Data has emerged as a vital resource since AI transforms the digital landscape with advanced models and algorithms. Large language models like OpenAI’s ChatGPT rely heavily on vast data volumes, intensifying demand in the data analytics industry, which was valued at $41.05 billion in 2022 and is expected to surge to $279.21 billion by 2030, with a 27.3% annual growth rate. Yet, ethical concerns around data collection are gaining attention, particularly from former OpenAI researcher Suchir Balaji, who warns that OpenAI’s practices may be “destroying” the internet and infringing on copyright laws.
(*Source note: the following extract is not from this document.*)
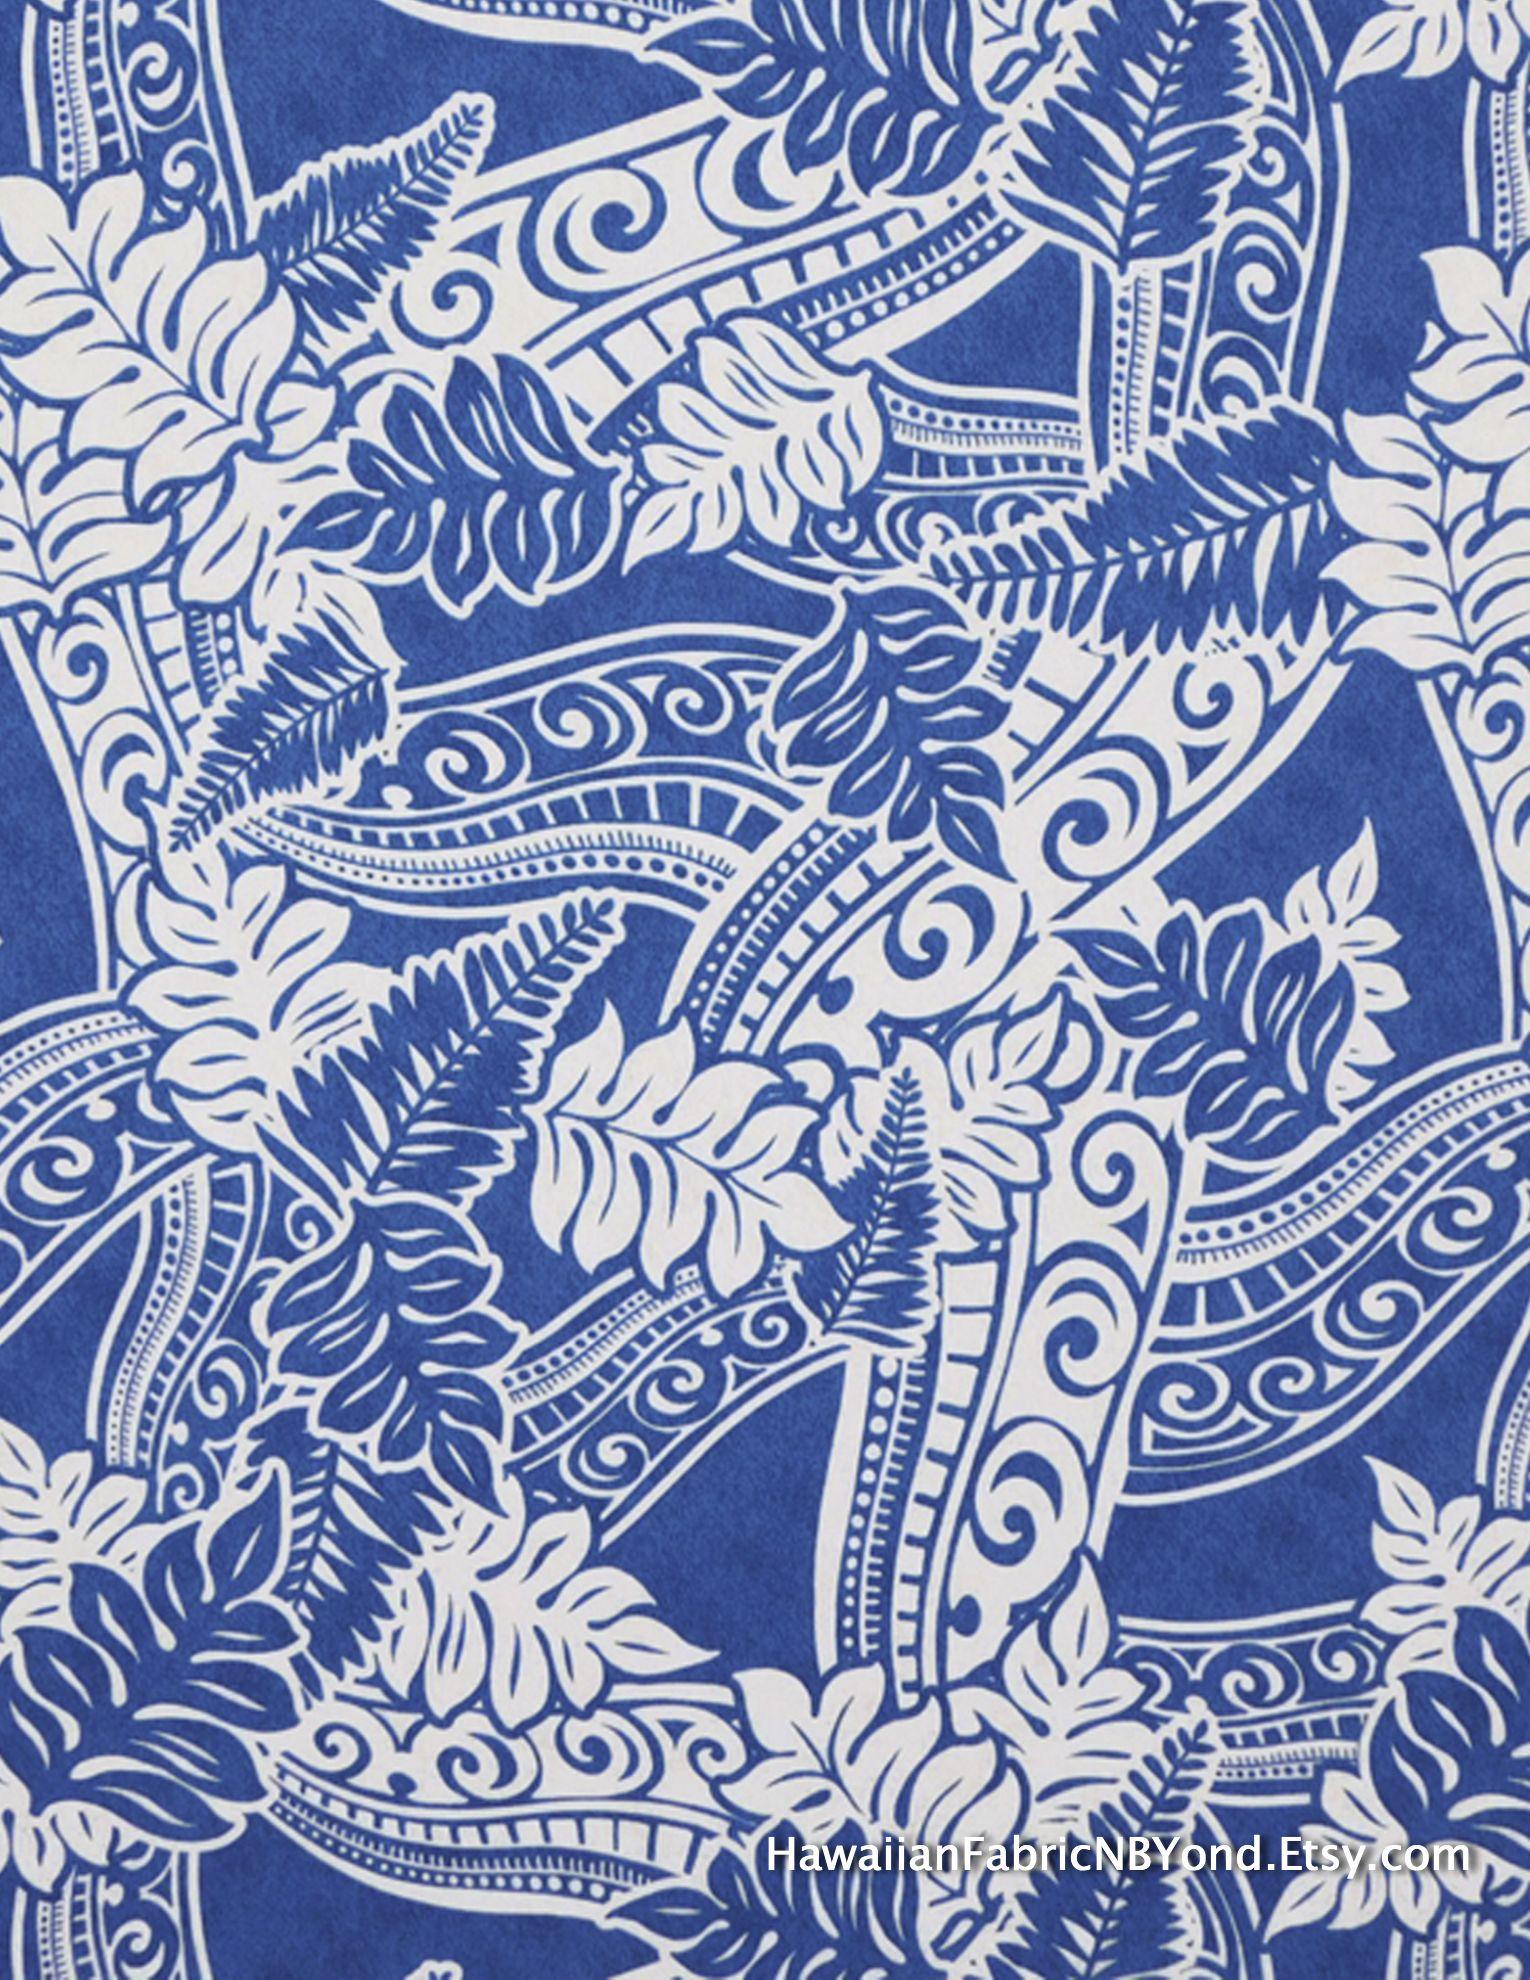 15c41d6a Fabric: Polynesian tattoo and tapa patterns and tropical ferns. lavalava and  Aloha shirts fabric. By HawaiianFabricNBYond.Etsy.com
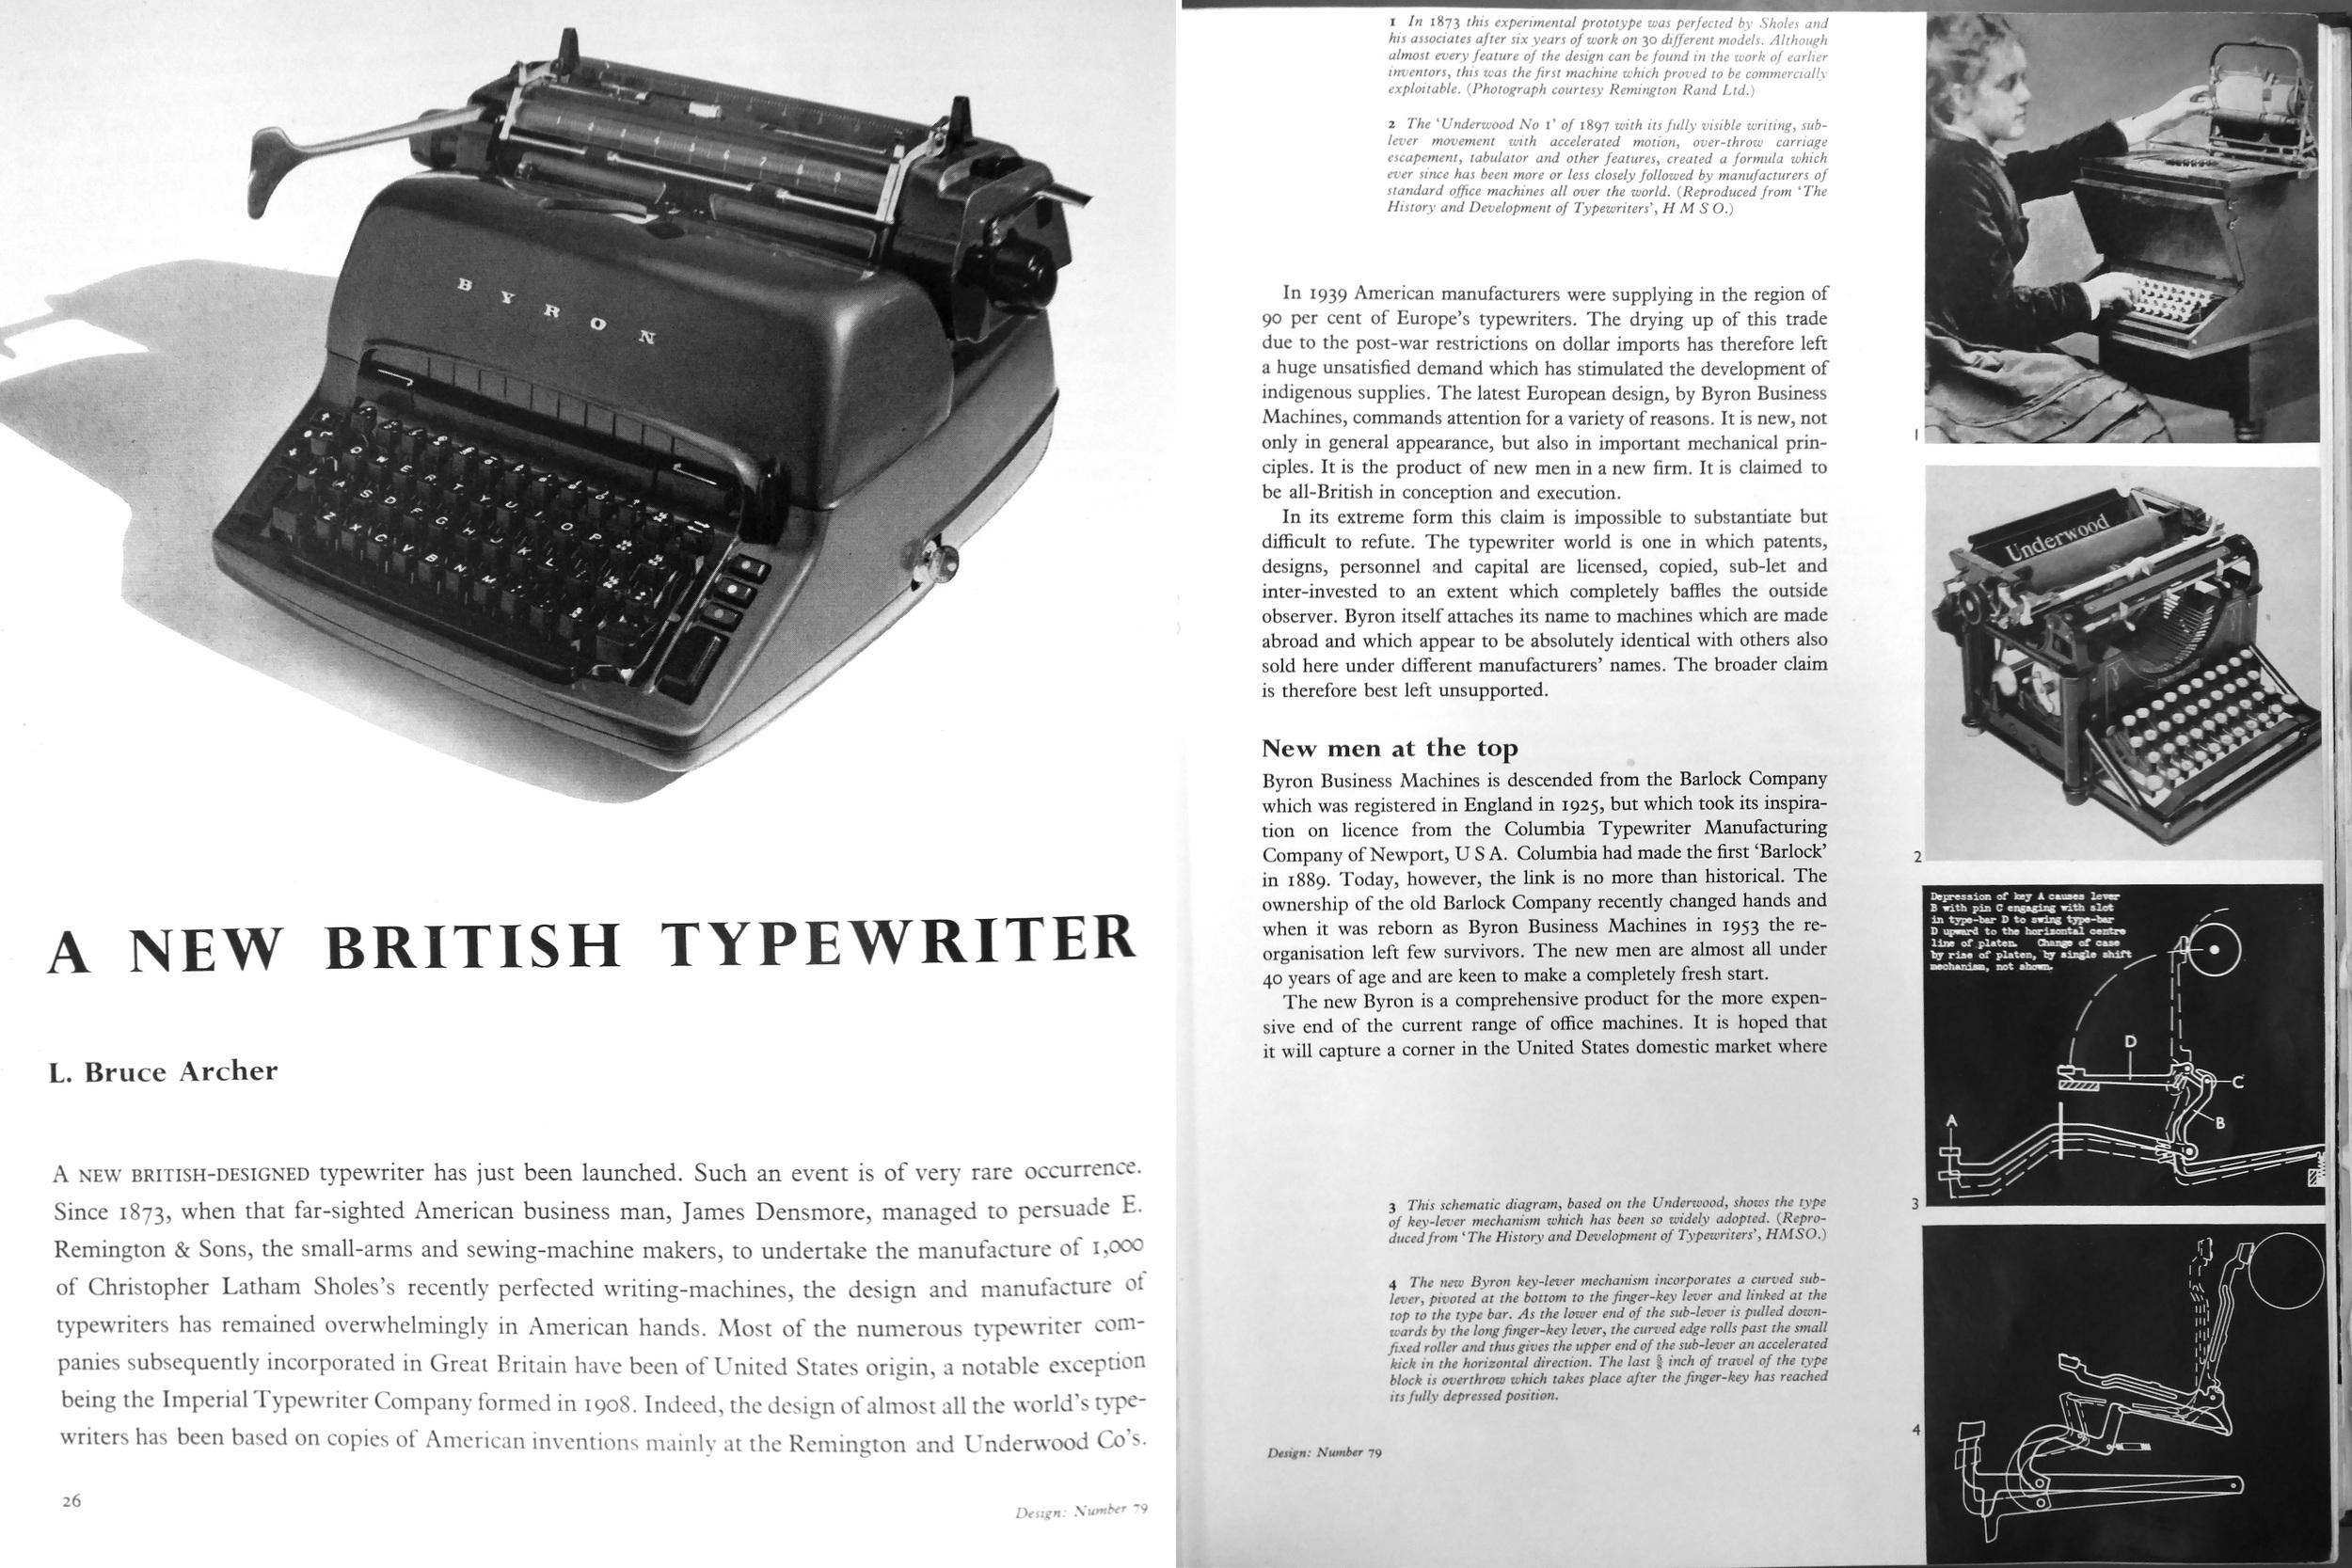 DDR_A-New-British-Typewriter_July_1955.jpg

Suchir left OpenAI in August 2023 due to ethical concerns. According to his LinkedIn profile, Balaji’s work spanned several key areas, including post-training for ChatGPT, reasoning algorithms, and reinforcement learning. As OpenAI’s data-driven generative AI (GenAI) models evolved, Balaji grew increasingly troubled by the broader impacts of these technologies on digital ecosystems and user-generated content. He noted in interviews with The New York Times, “If you believe what I believe, you have to just leave the company.”
Balaji went on to publish an article on his website explaining his views. He argued that GenAI, particularly OpenAI’s models, erodes the foundational structure of the internet, especially within open-source communities, where participation is dwindling as users turn to AI for answers instead of human interactions. As a published AI expert with over 8,000 citations, Balaji is well-versed in the technical intricacies of AI. His post, titled When Does Generative AI Qualify for Fair Use?, asserts that GenAI tools fall short of fair use standards, as they reformat and alter existing content without truly transforming it.
Balaji further argues that GenAI poses a risk to content creators by substituting human work and reducing the availability of original data for future AI training. This issue, he explains, leads to errors in these large language models (LLMs), where AI systems can fabricate “hallucinations” and output nonsensical information. Balaji asserts that no fair use justification can adequately defend models like ChatGPT, especially given the financial impacts on creators.
“This is not a sustainable model for the internet ecosystem as a whole,” he stated in his New York Times interview.
In response, OpenAI firmly rejected Balaji’s criticisms, saying, “We build our AI models using publicly available data, in a manner protected by fair use and related principles, and supported by longstanding and widely accepted legal precedents.” The company emphasized that its approach to data use is fair, fostering innovation and competitiveness in the U.S. market.
Despite OpenAI’s stance, the company faces several legal disputes, including a significant lawsuit from The New York Times, which accuses OpenAI and its partner Microsoft of exploiting the newspaper’s content without compensation. The complaint alleges that these companies “seek to free-ride on The Times’s massive investment in its journalism” by creating AI-driven products that draw audiences away from the original publisher.
Additionally, other news outlets, along with YouTube creators, actors, authors, and the Center for Investigative Reporting, have filed similar copyright infringement suits against OpenAI.
Intellectual property lawyer Bradley J. Hulbert expressed that existing intellectual property laws lag behind AI developments, noting, “Given that AI is evolving so quickly, it is time for Congress to step in.”